0

我目前正在尝试为我的网站上的用户个人资料制作更新页面,并且。如果用户更新了他们的所有信息,下面的代码可以正常工作,但是如果他们遗漏了一个字段,它会在表中插入一条空白记录。

如果用户将字段留空,目前为了解决这个问题,我将空白字段替换为$_SESSION['user']['field']它只是重新插入当前数据。

这是我现在的php

<?php
session_start();
if($_SESSION['uname']) {
$logged_in=true;
} else {
$logged_in=false;
}
include_once("../connection/conn.php");

if(isset($_POST['update'])) {

if($_POST['firstname']){ $firstname = $_POST['firstname']; }
else { $firstname = $_SESSION['uname']['firstname']; }

if($_POST['lastname']){ $lastname = $_POST['lastname']; }
else { $lastname = $_SESSION['uname']['lastname']; }

if($_POST['email']){ $email= $_POST['email']; }
else { $email = $_SESSION['uname']['email']; }

$id = $_SESSION['uname']['id'];

$query = "UPDATE users SET firstname=?, lastname=?, email=? WHERE id=? ";

$results = $condb->prepare($query);

$results->execute(array($firstname, $lastname,$email,$id));

if($results) {
echo "updated";
}
}

?>
4

2 回答 2

2 
UPDATE `tablename`
SET `field` = IF(? <> '', ?, `field`)
WHERE ...

这将检查空条目的工作替换为 MySQL,并且字段使用其先前的值而不是空值。
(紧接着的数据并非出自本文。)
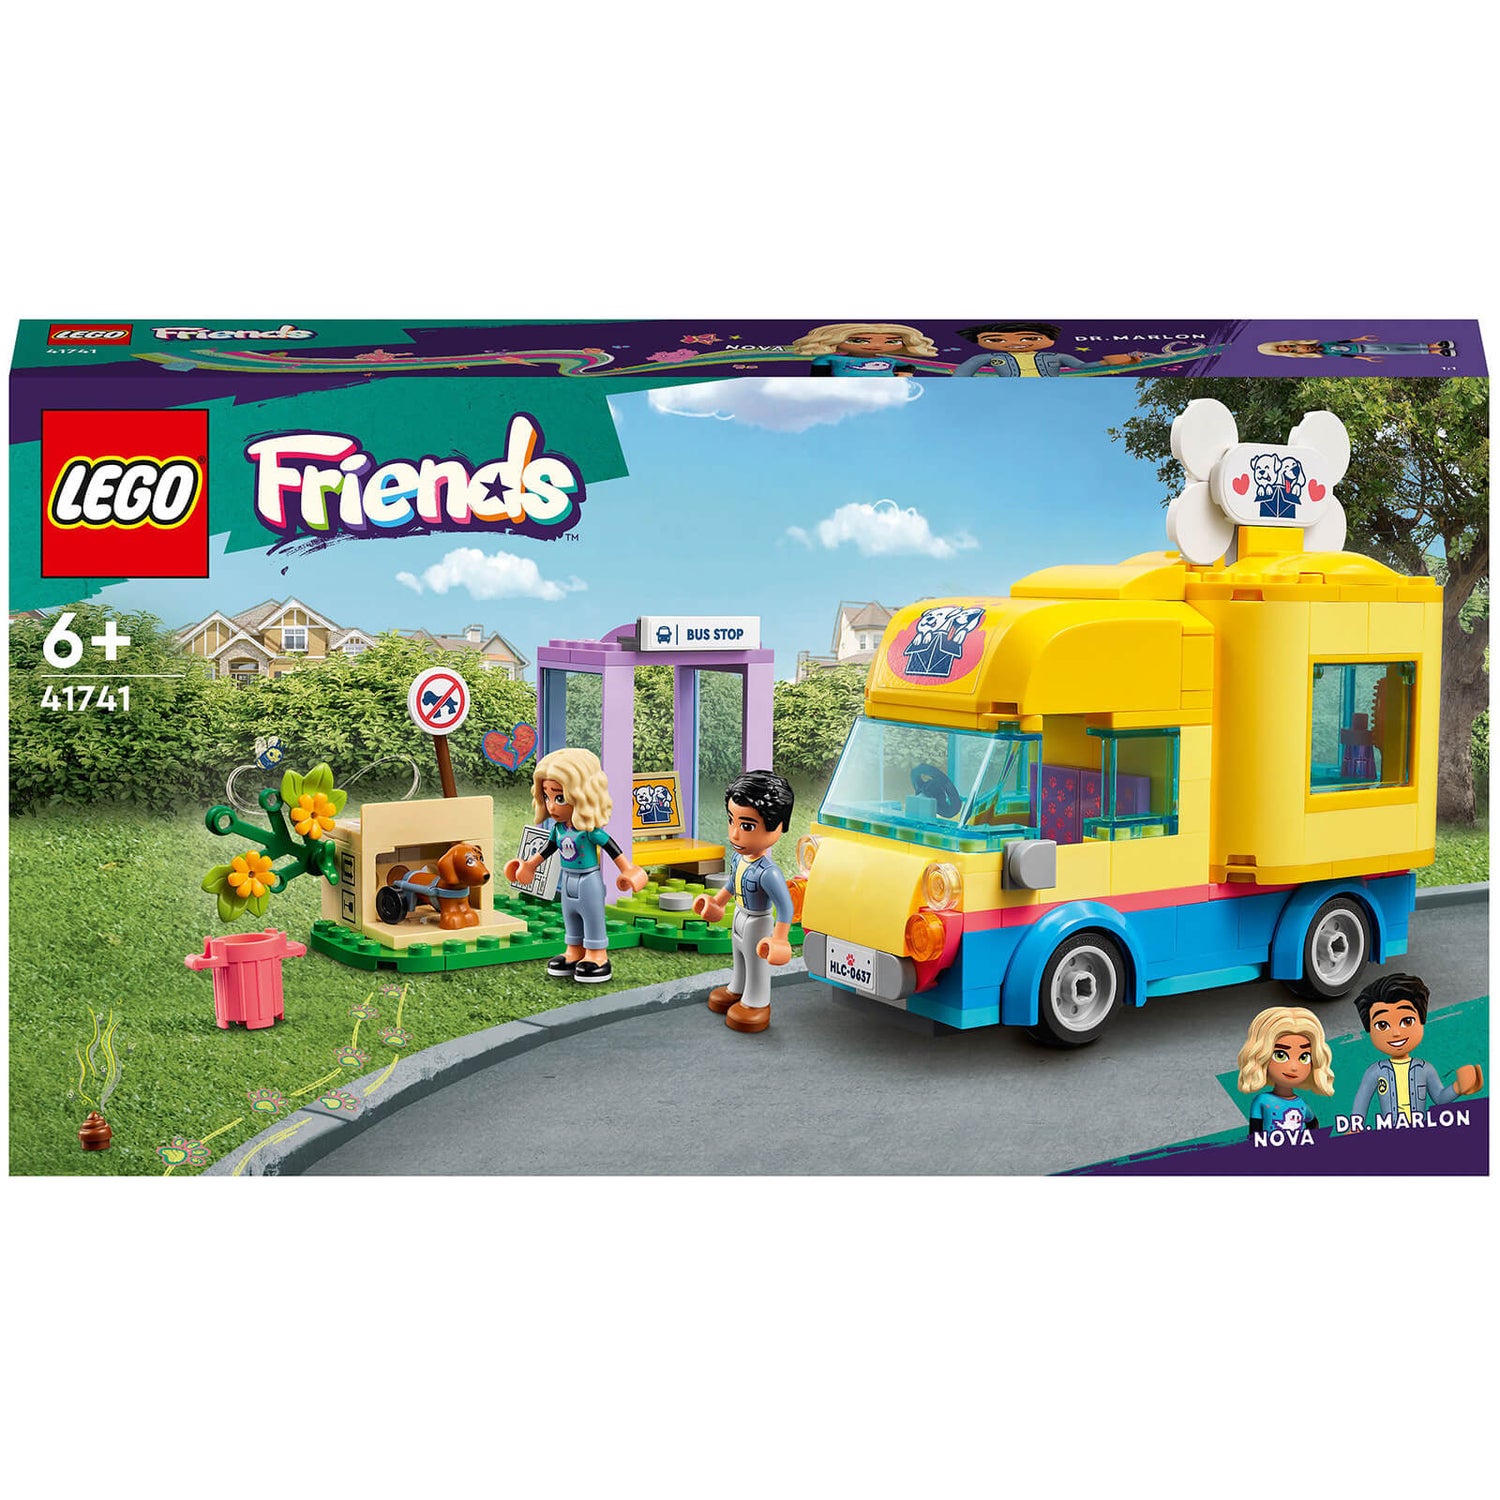 LEGO Friends: Dog Rescue Van Pet Puppy Animal Playset (41741)

您需要将该值传递给execute()两次才能使其正常工作。它与您所做的基本相同,但无需将值存储在您的 PHP 会话中。

使用这种方法,您的更新代码将如下所示:

/*
  This block is no longer necessary
if($_POST['firstname']){ $firstname = $_POST['firstname']; }
else { $firstname = $_SESSION['uname']['firstname']; }

if($_POST['lastname']){ $lastname = $_POST['lastname']; }
else { $lastname = $_SESSION['uname']['lastname']; }

if($_POST['email']){ $email= $_POST['email']; }
else { $email = $_SESSION['uname']['email']; }
*/

$query = "
  UPDATE `users`
  SET
    `firstname` = IF(? <> '', ?, `firstname`),
    `lastname` = IF(? <> '', ?, `lastname`),
    `email` = IF(? <> '', ?, `email`)
  WHERE `id` = ?
";

$results = $condb->prepare($query);

$results->execute(array(
  $_POST['firstname'], $_POST['firstname'],
  $_POST['lastname'], $_POST['lastname'],
  $_POST['email'], $_POST['email'],
  $_SESSION['uname']['id']
));

您现有的代码会阻止用户0自己输入一个单曲,而这不会 - 您可能还想为此添加一个检查。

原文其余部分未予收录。